Middleton, the Princess of Wales, who was diagnosed with cancer in 2024 and underwent abdominal surgery and chemotherapy, wrote in a social media post that she sought the Three Peaks Challenge “not simply as a physical endeavour but as a chance to explore life beyond diagnosis and to give something back.”
Robach said on “Good Morning America” at the time she “chose to celebrate my survival and I decided to embark on a different kind of journey and to face fear of a different kind.”
Gia DiDonato-Sroczenski, 49-year-old runner from Webster, Massachusetts, has completed 50 marathons since 2013. For her, it’s like therapy. Following a stage 0 breast cancer diagnosis, the earliest possible form of cancer, she decided to move forward with a double mastectomy – but not before she ran the 2025 Boston Marathon so as not to lose her streak, she told Northeastern Global News. Now she’s at 14 Boston Marathons in a row.

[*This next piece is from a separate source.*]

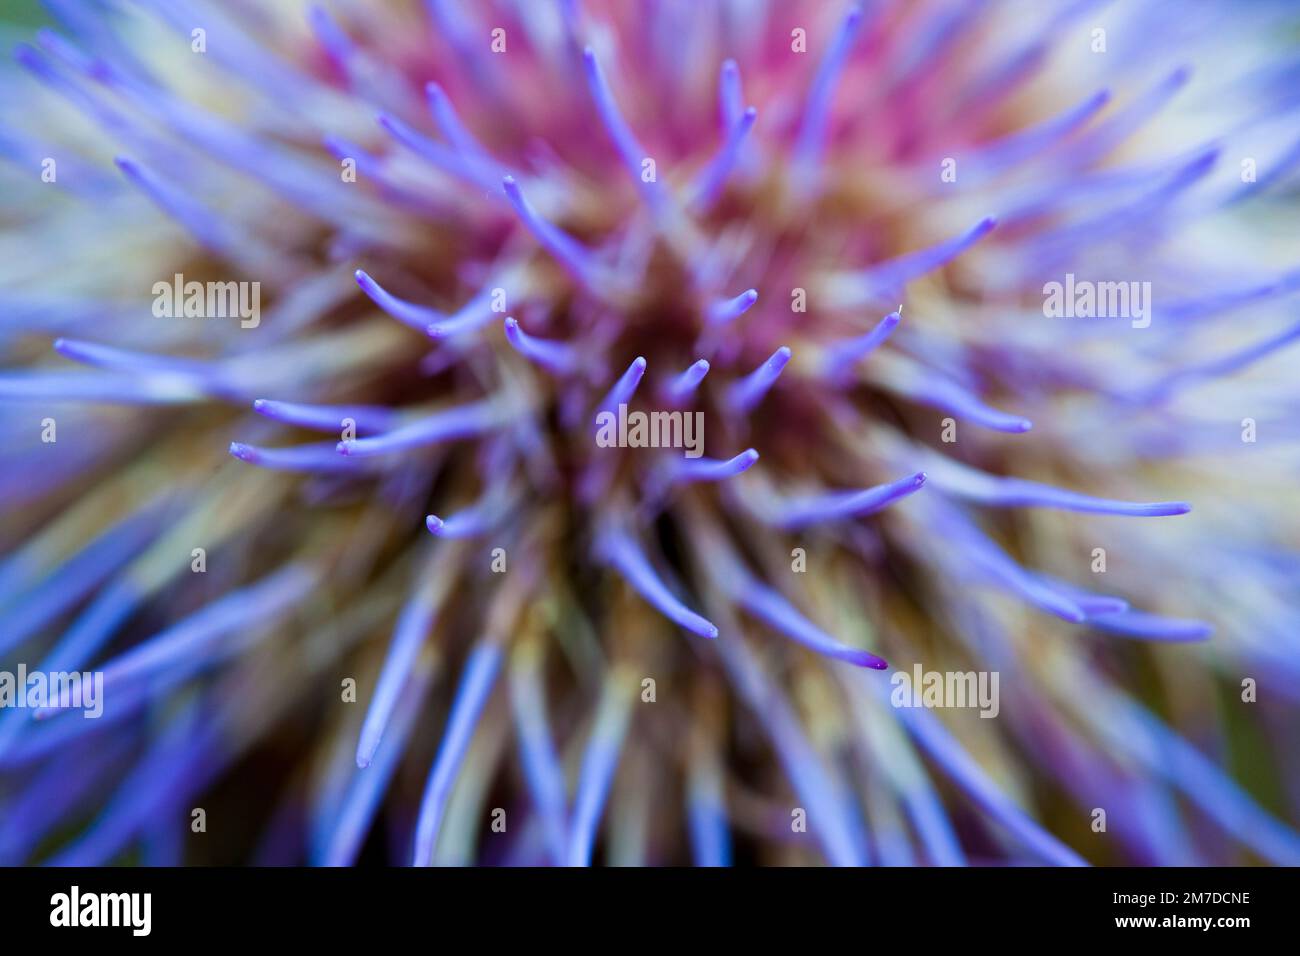 Un dettaglio molto ravvicinato della testa fiorente del cardone, Cynara cardunculus che shwoing punte viola profonde sul carciofo come fiore. Foto Stock
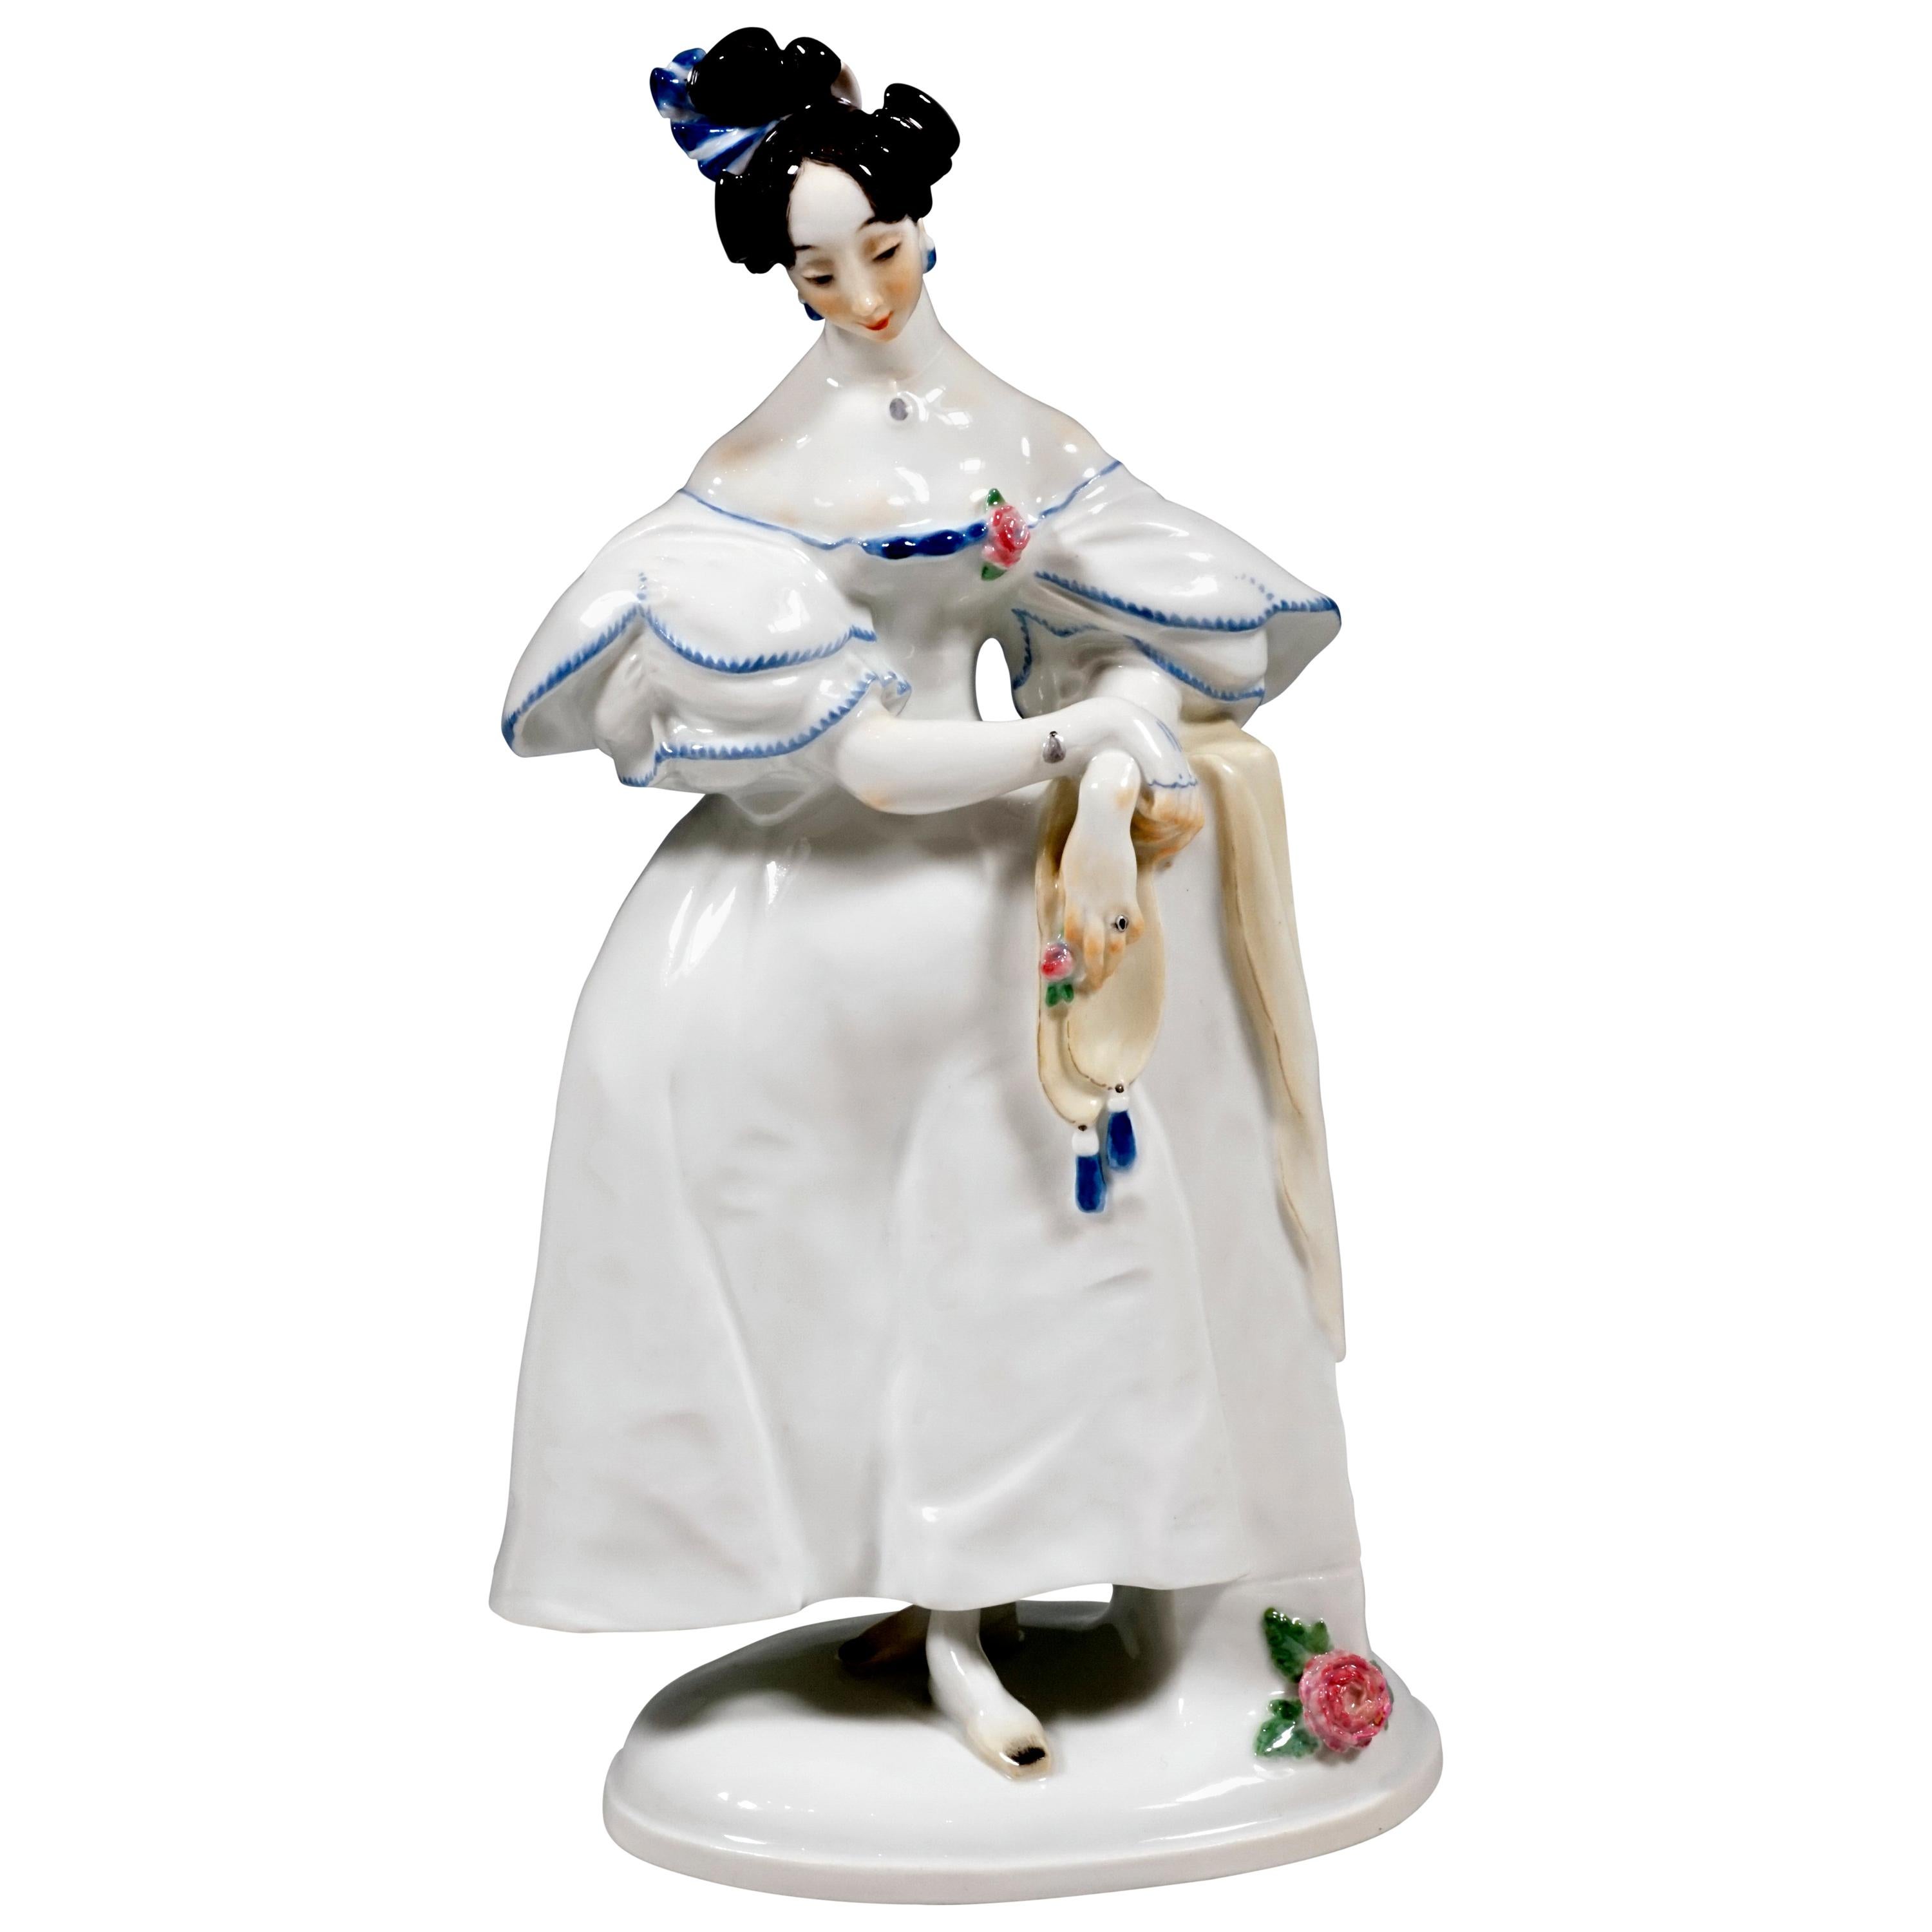 Meissen Porcelain Figure 'Biedermeier Lady' by Paul Scheurich, 1924-1934

A diagnosis can “make you realize what you had and never to take things for granted,” she said. After surgery, she wasn’t able to run or do strenuous cardio exercise for weeks.
While she continues to run as she would before her diagnosis, now raising money for Dana-Farber Cancer Institute, DiDonato-Sroczenski said overcoming a diagnosis can make someone want to pursue and overcome other challenges.
“It’s a wake-up call when things happen,” she said. “Now is the time … to push yourself to be the best version of yourself you can be.”